私が昨日読んだのは2章まで。さっそく神話1の「すばらしい会社をはじめるには、すばらしいアイデアが必要である。」を崩してくれた。
「基本理念が必要である」。確かにそうであり、自分にはそうたいした内容のものはつくれない。つくれないということは、会社を経営する資格がないかも知れないという不安が常によぎっていた。しかし、これを読んで安心した。
(ヒューレット・パッカードの話)
「・・・最初に会社を始めることを決め、そのあとで、何をつくるか考えた。二人は、まず一歩を踏み出して、ガレージから抜け出し、電気料金を払えるようなになりそうなことを、手当たりしだいやってみた。
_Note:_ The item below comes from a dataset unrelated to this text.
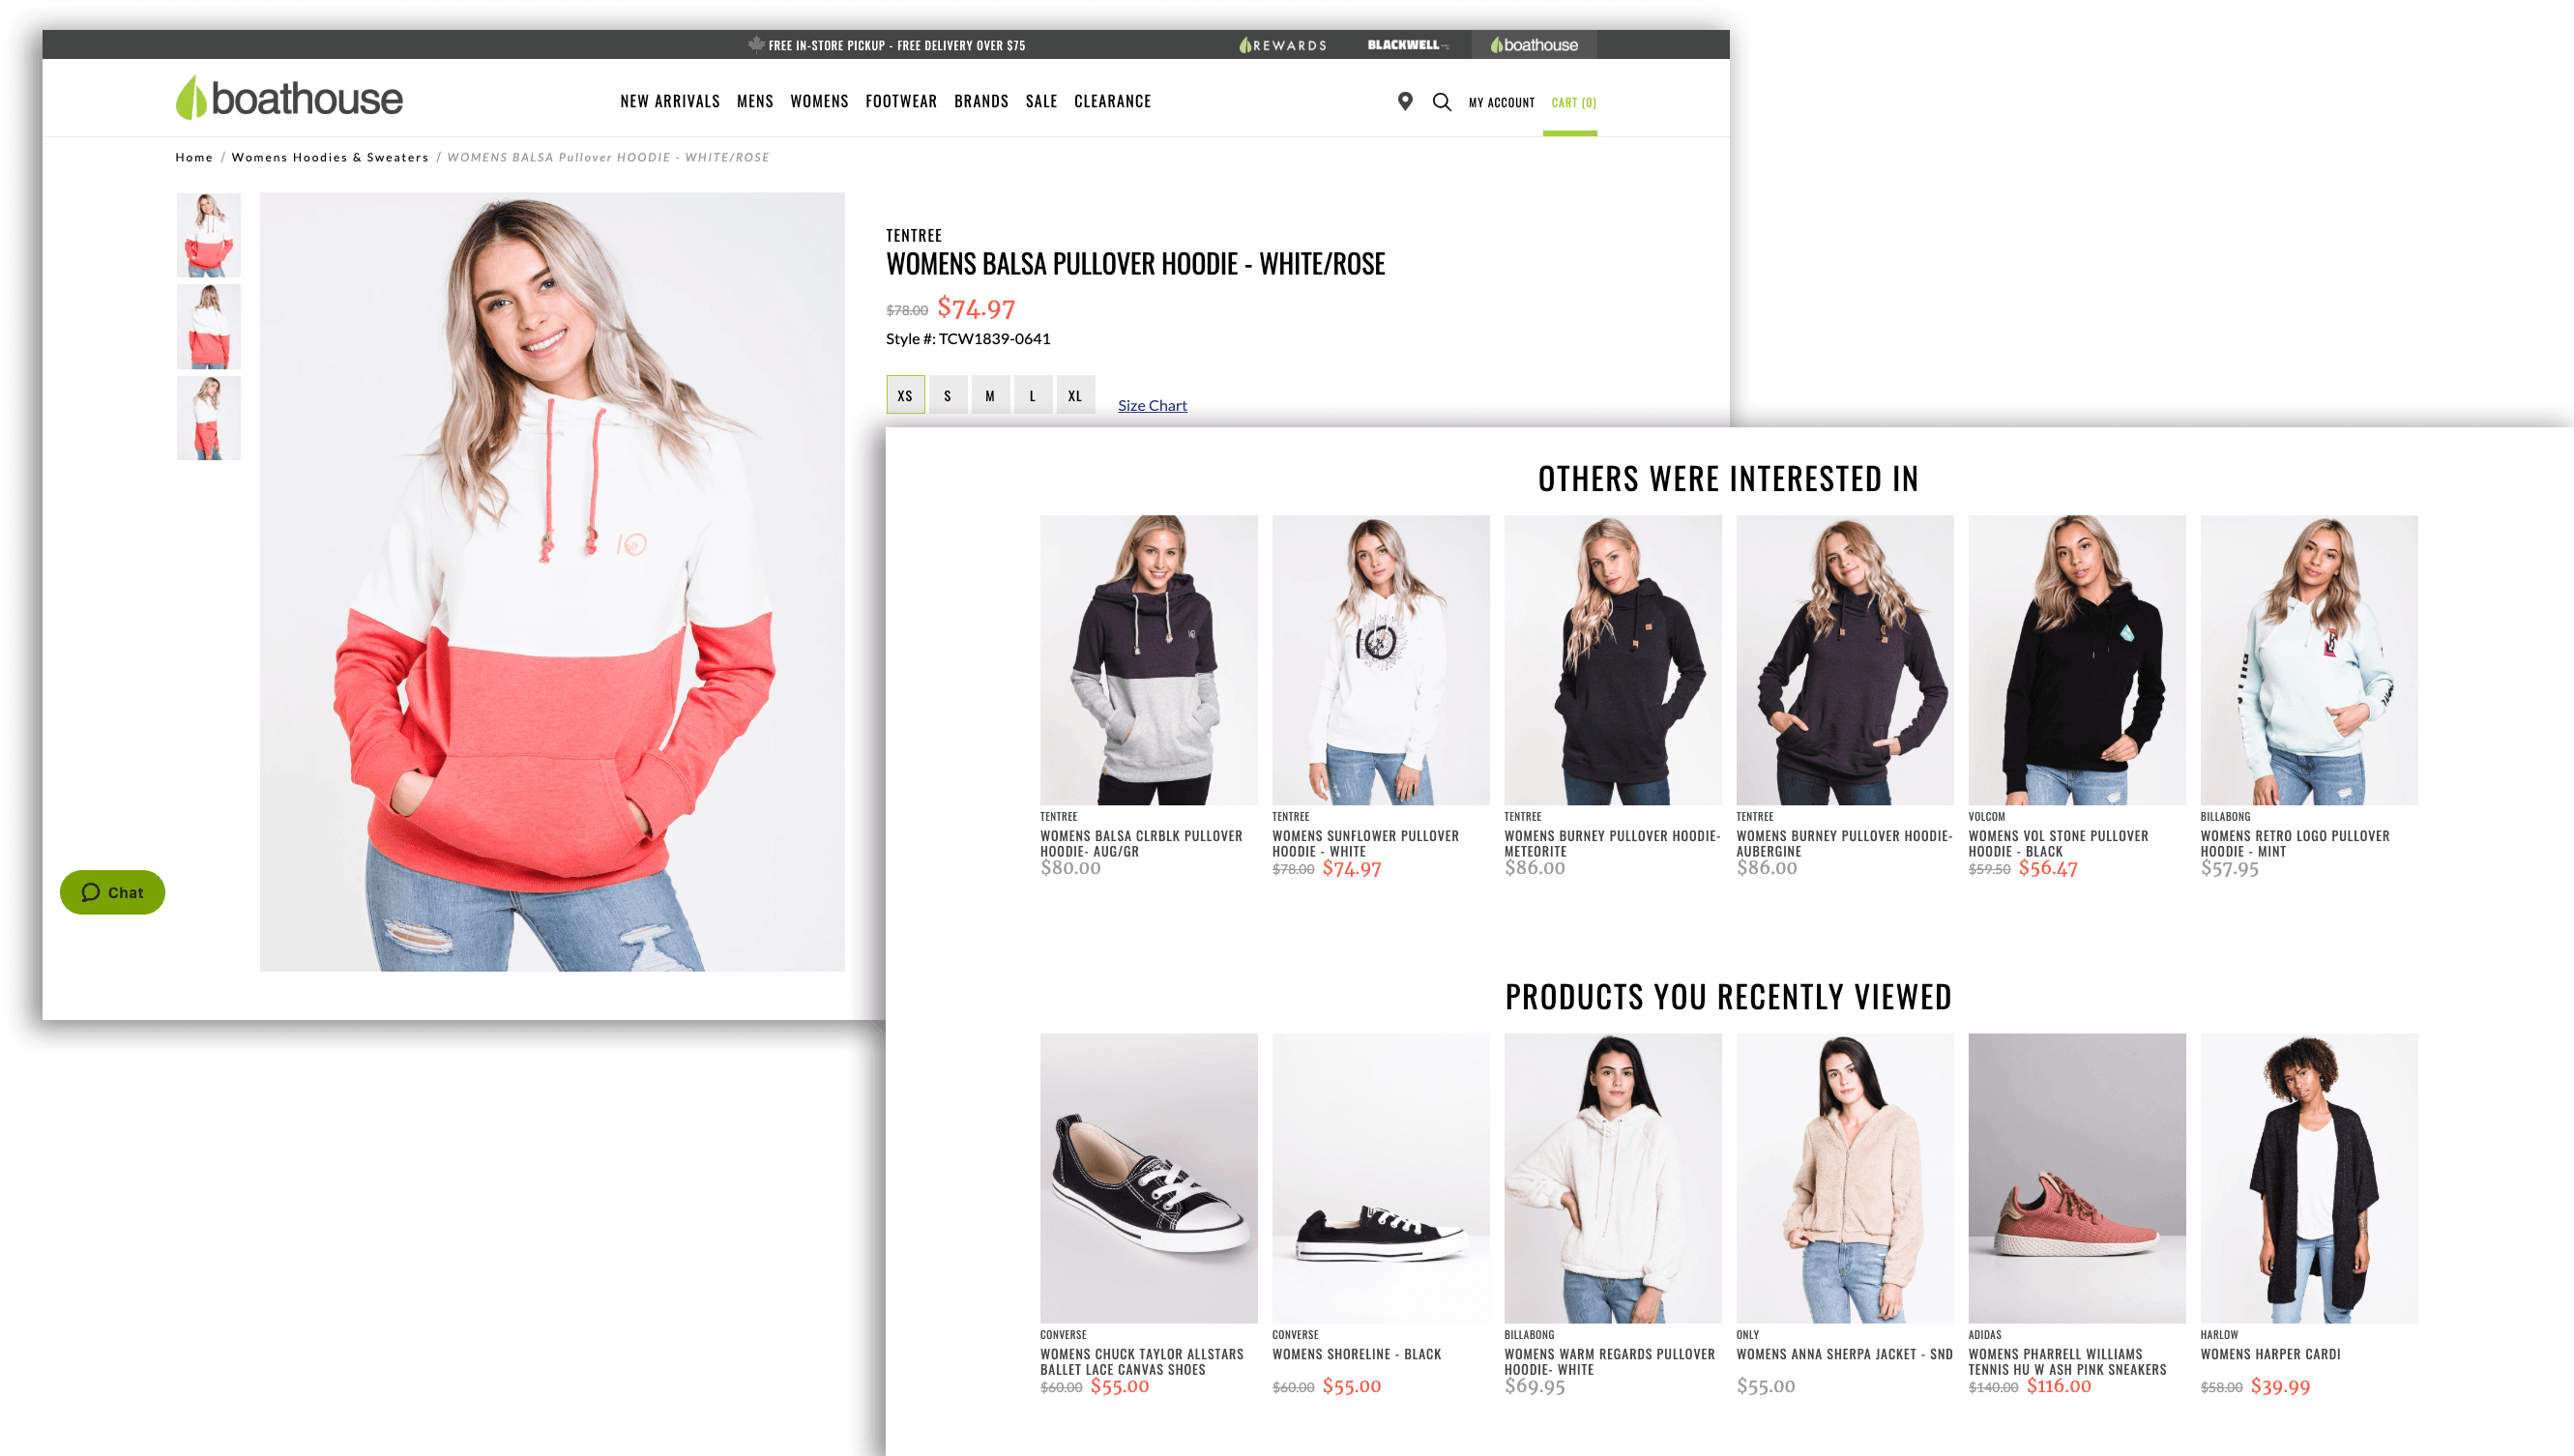 Ecommerce Personalization Tactics–Screenshots from the Boathouse website. The first shows the product page for a hoodie. The second shows the lower half of the page which displays "Others were interested in" and "Products you recently viewed" sections. 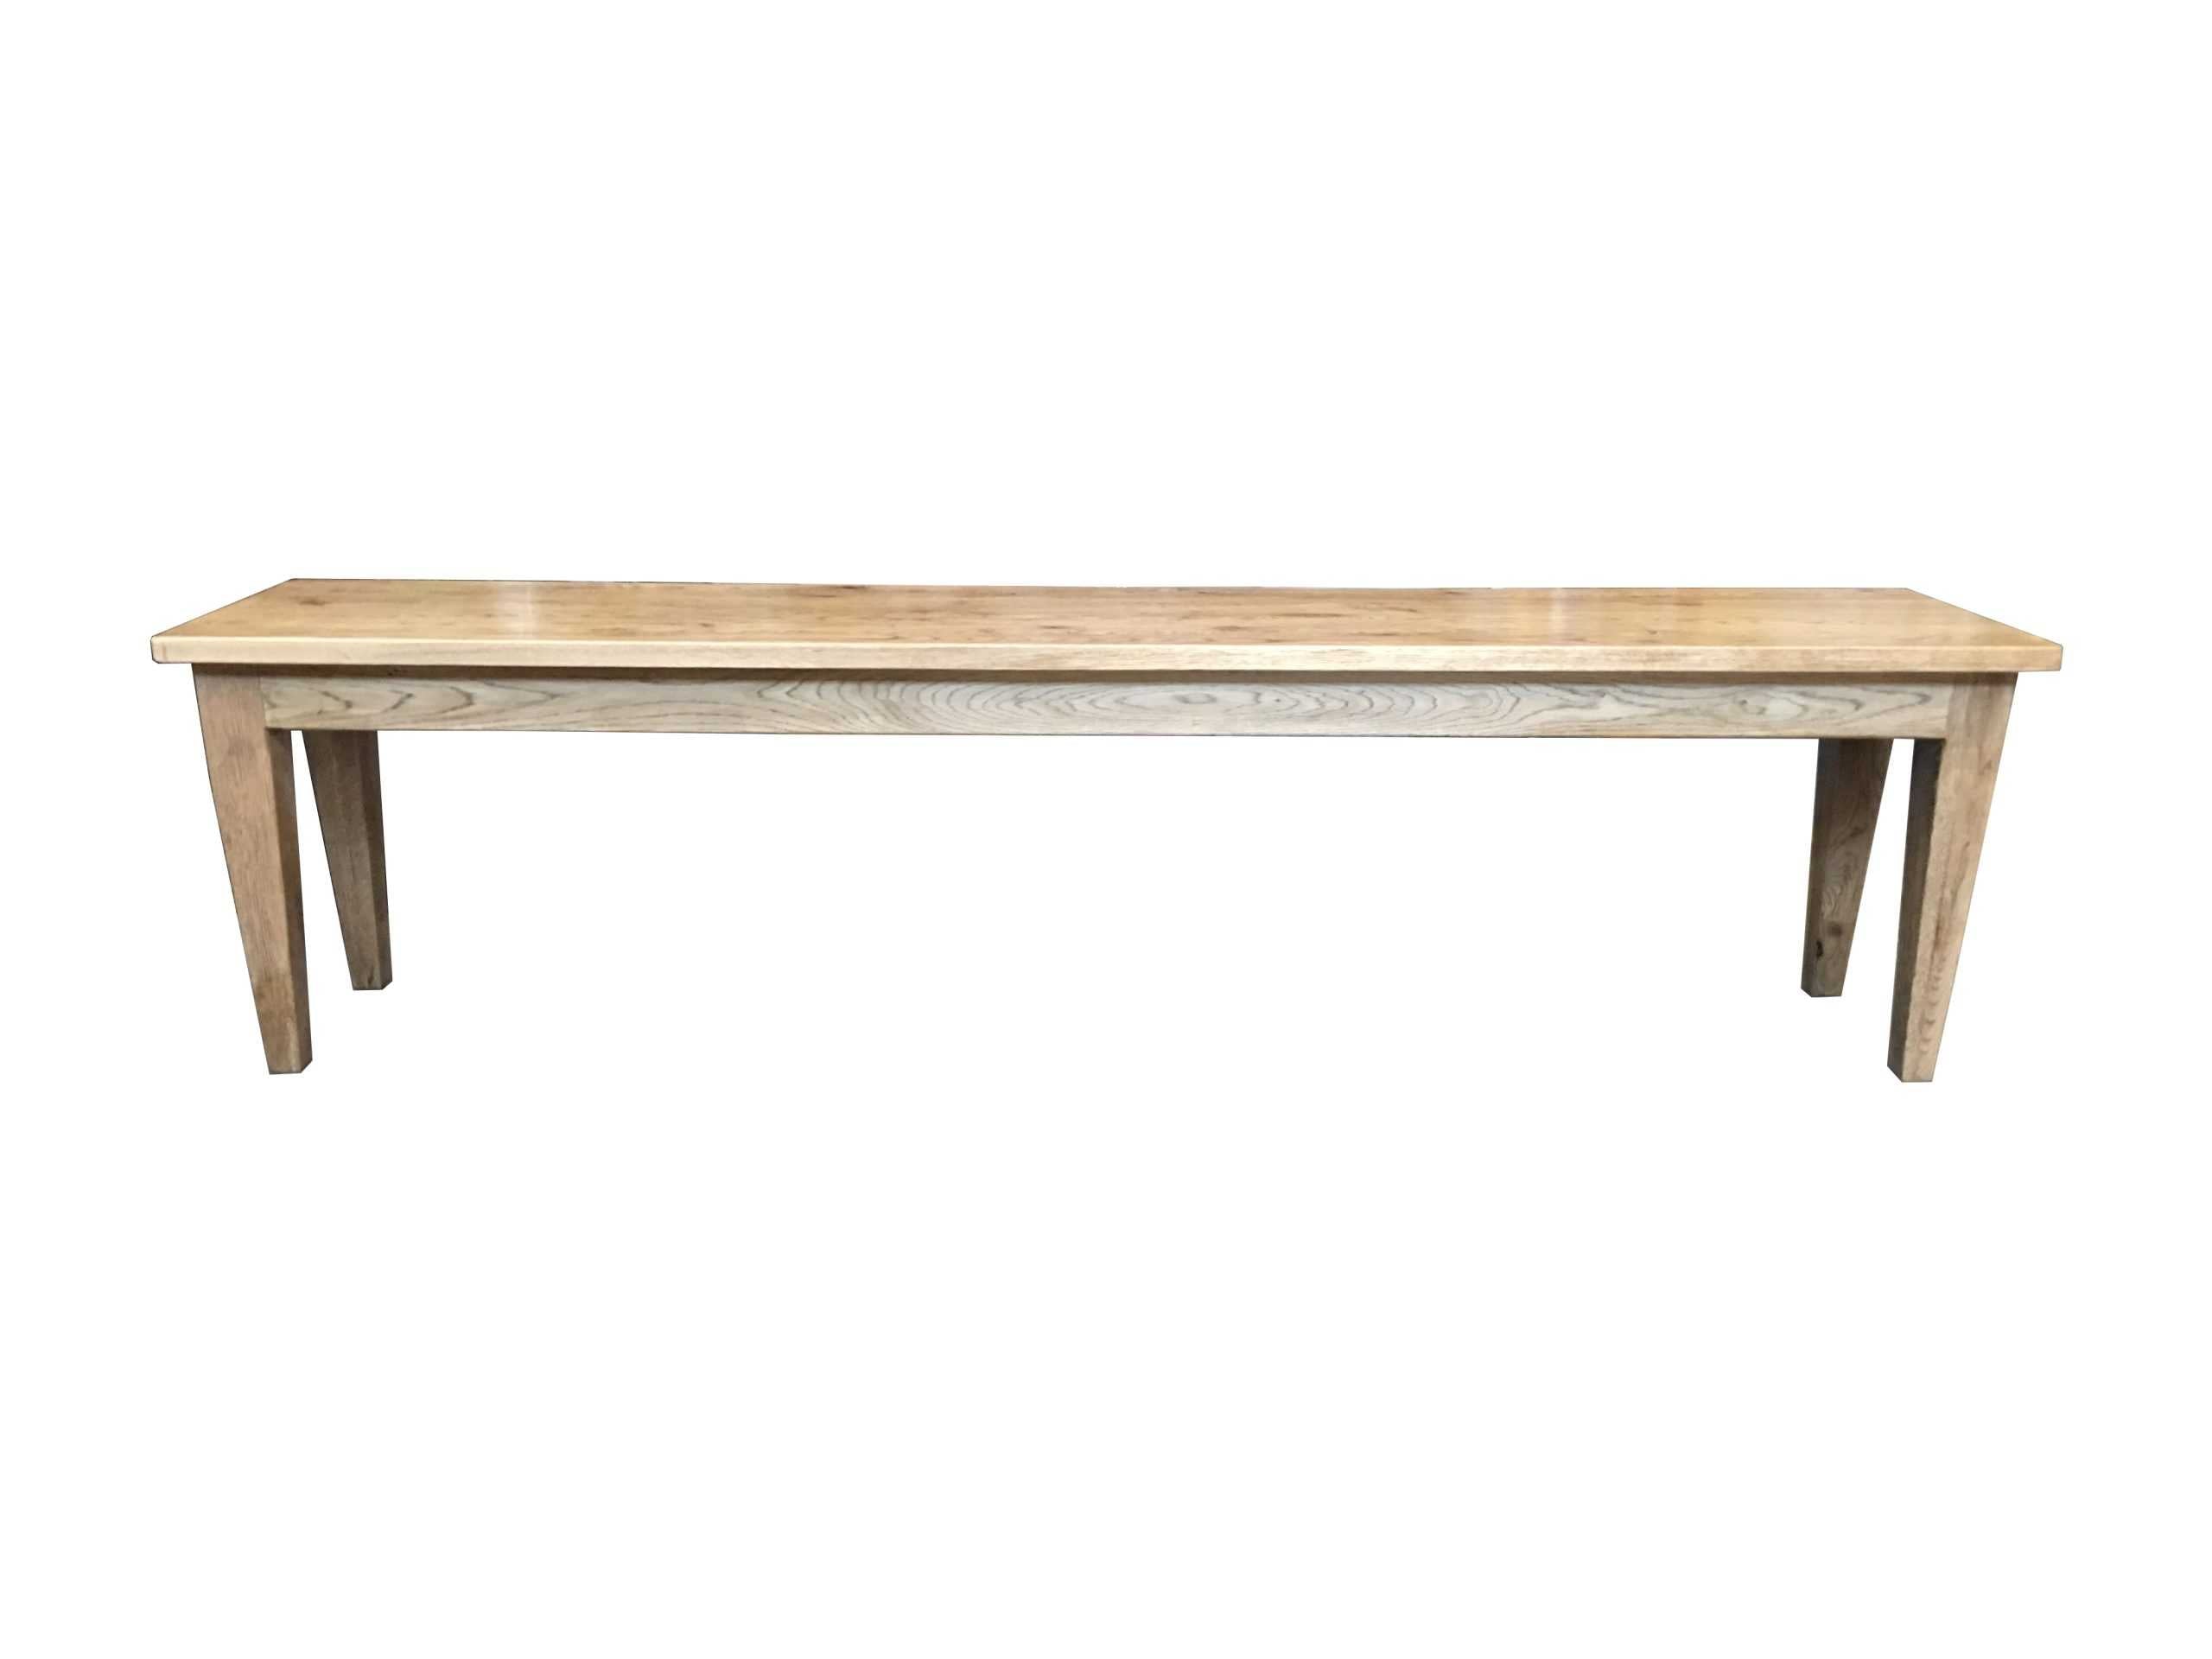 MF Solid Oak Timber Bench without Breadboard

」
「たまに、ビジネス・スクールで講演する機会があるが、会社をはじめたときに、なんの計画もなく、臨機応変になんでもやったというと、経営学の教授はあぜんとする。わたしたちは、カネになりそうなことは、なんでもやってみた。」
(ソニーの話)
「・・・井深大が一九四五年八月に会社を設立したとき、具体的な製品のアイデアはなかった。それどころか、井深大と七人の社員は、会社がはじまったあとで、どんな製品をつくるか、意見を出し合った。」
(ウォルマートの話)
「サム・ウォルトンも、すばらしいアイデアを持たずに会社をはじめた。自分の会社を持ちたいという強い意欲と、小売業に関するごくわずかな知識、そしてあふれんばかりの情熱だけで、事業を起こした。」
「やっぱりそうなんだ」と納得した。つまり、カリスマやビッグアイデアを思いつく人だけが起業の有資格者ではない。企業や経営の話、それもコンサルタントなどの話は、「結果から話をつくっている」ことが多いようだ。「先見性のある起業家が、製品アイデアや市場についてのビジョンを武器に会社を設立する・・・」という神話は、例外はあるにしても、経験も知識も限られた凡人にはあり得ないことではなかろうか。しかも、コンサルタントも含めて多くの人々は何が先見性であるかは見抜けないし、結果論で実績を見て賞賛するというパターンが余りにも多すぎる。うがった見方をすれば、卓越した企業を自分の商売ネタにしているだけではなかろうか?
しかし、そうは言っても、そろそろ自分の会社が位置づけられている市場のことや、自らの強みと弱み、自分の会社に求められていることなど、まる三年という時間が膨大な量を与えてくれたと自覚している。
次の飛躍のために、そろそろビジョンを描く作業を始める時期には違いない。第三者ではなく、起業や経営という日々の真剣勝負にさらされ思い悩むことが卓越したビジョン形成に至る唯一の道であることを改めて思い知ることができた。